Acclaimed violinist and prolific recording artist Philippe Graffin scored a major coup when he unearthed the Violin Concerto of Samuel Coleridge-Taylor, the Afro-English composer whose star has waned since the height of his fame at the turn of the last century, but has rapidly risen again on the strength of this world-premiere recording.

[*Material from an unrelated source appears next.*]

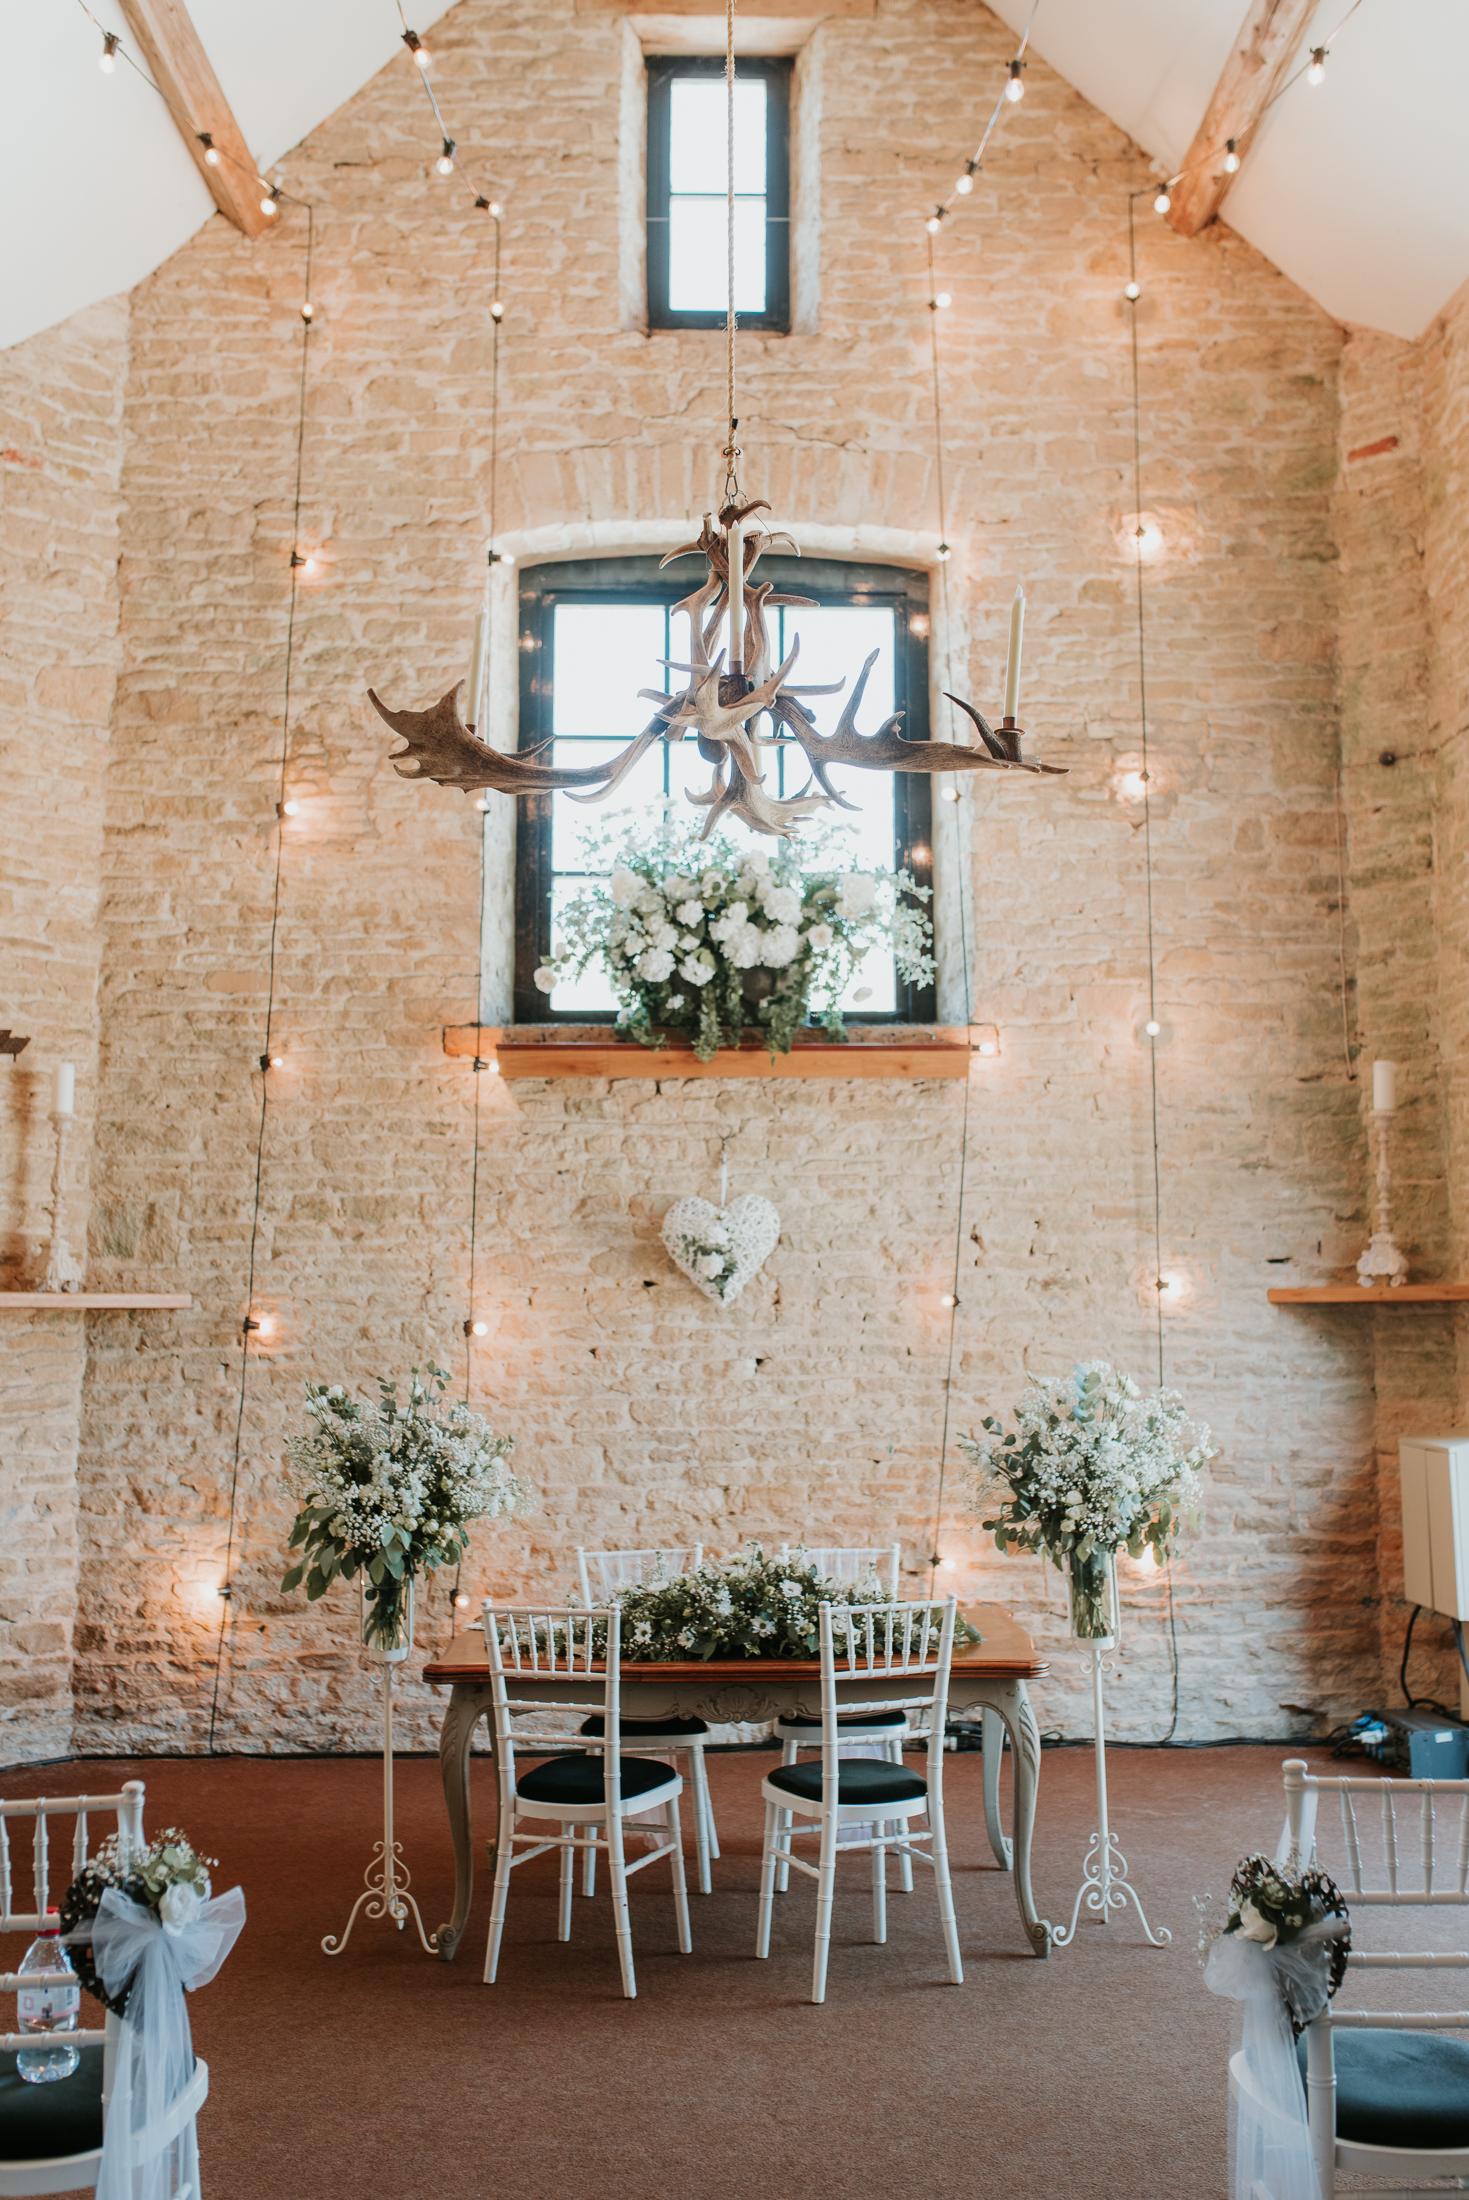 Oxfordshire-wedding-photographer-15.jpg

Coleridge-Taylor's education was as English as they come - studying at the Royal College with Stanford alongside such luminaries as Vaughan Williams and Holst - but his most powerful influences were the folk music and poetry of African-Americans and American Indians, reinforced by his first visit to the US in 1900. References to and inspiration from spirituals and slave songs abound in the Violin Concerto, making the coupling of the Violin Concerto by Dvorák, who was equally inspired by American idioms, apt indeed. In fact, the great American violinist Maud Powell who championed Coleridge-Taylor's works and premiered his Violin Concerto in June 1912 - called him the "colored Dvorák". In an interesting twist, the US premiere was nearly derailed when the original parts sank with the Titanic!

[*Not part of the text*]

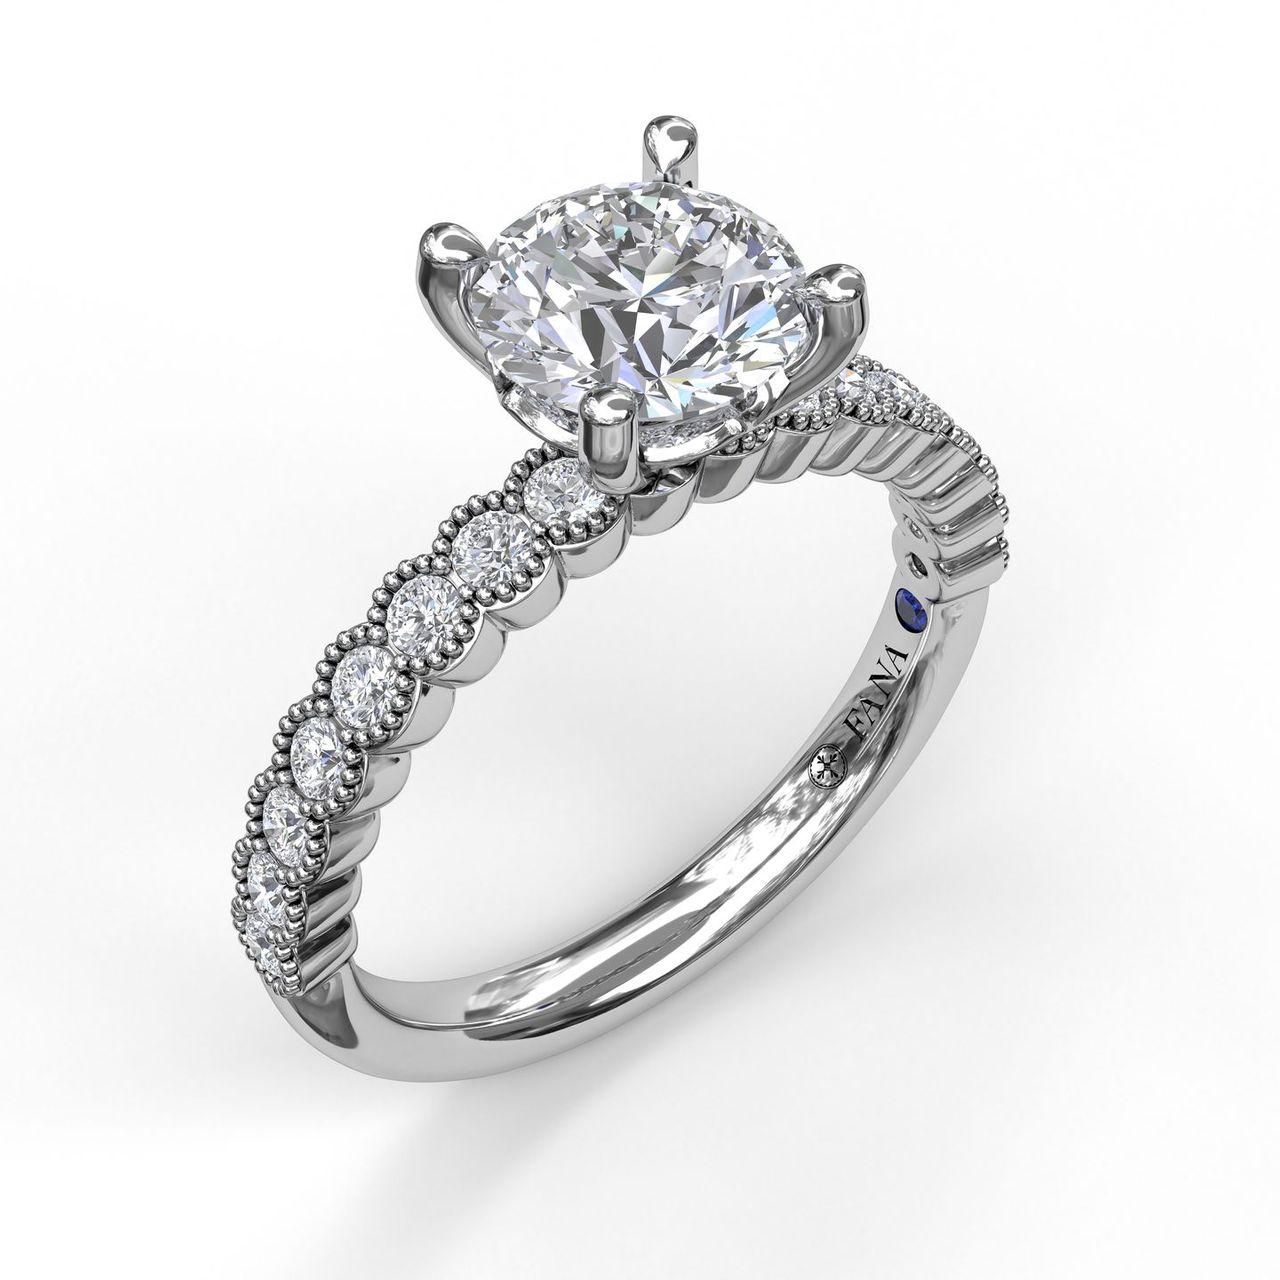 Diamond Engagement Ring with a Delicate Milgrain Edge

Under the inspired direction of British-born conductor Michael Hankinson, the Johannesburg Philharmonic Orchestra is a musical miracle in a country whose national priorities seem a far cry from promoting Western classical music. Established in 2000 by a multi-cultural group of committed musicians, the JPO have created an exciting ensemble whose aims extend to the musical education of their public and, thanks to this recording, resound worldwide. Their motto: "A nation that turns its back on its culture turns its back on itself".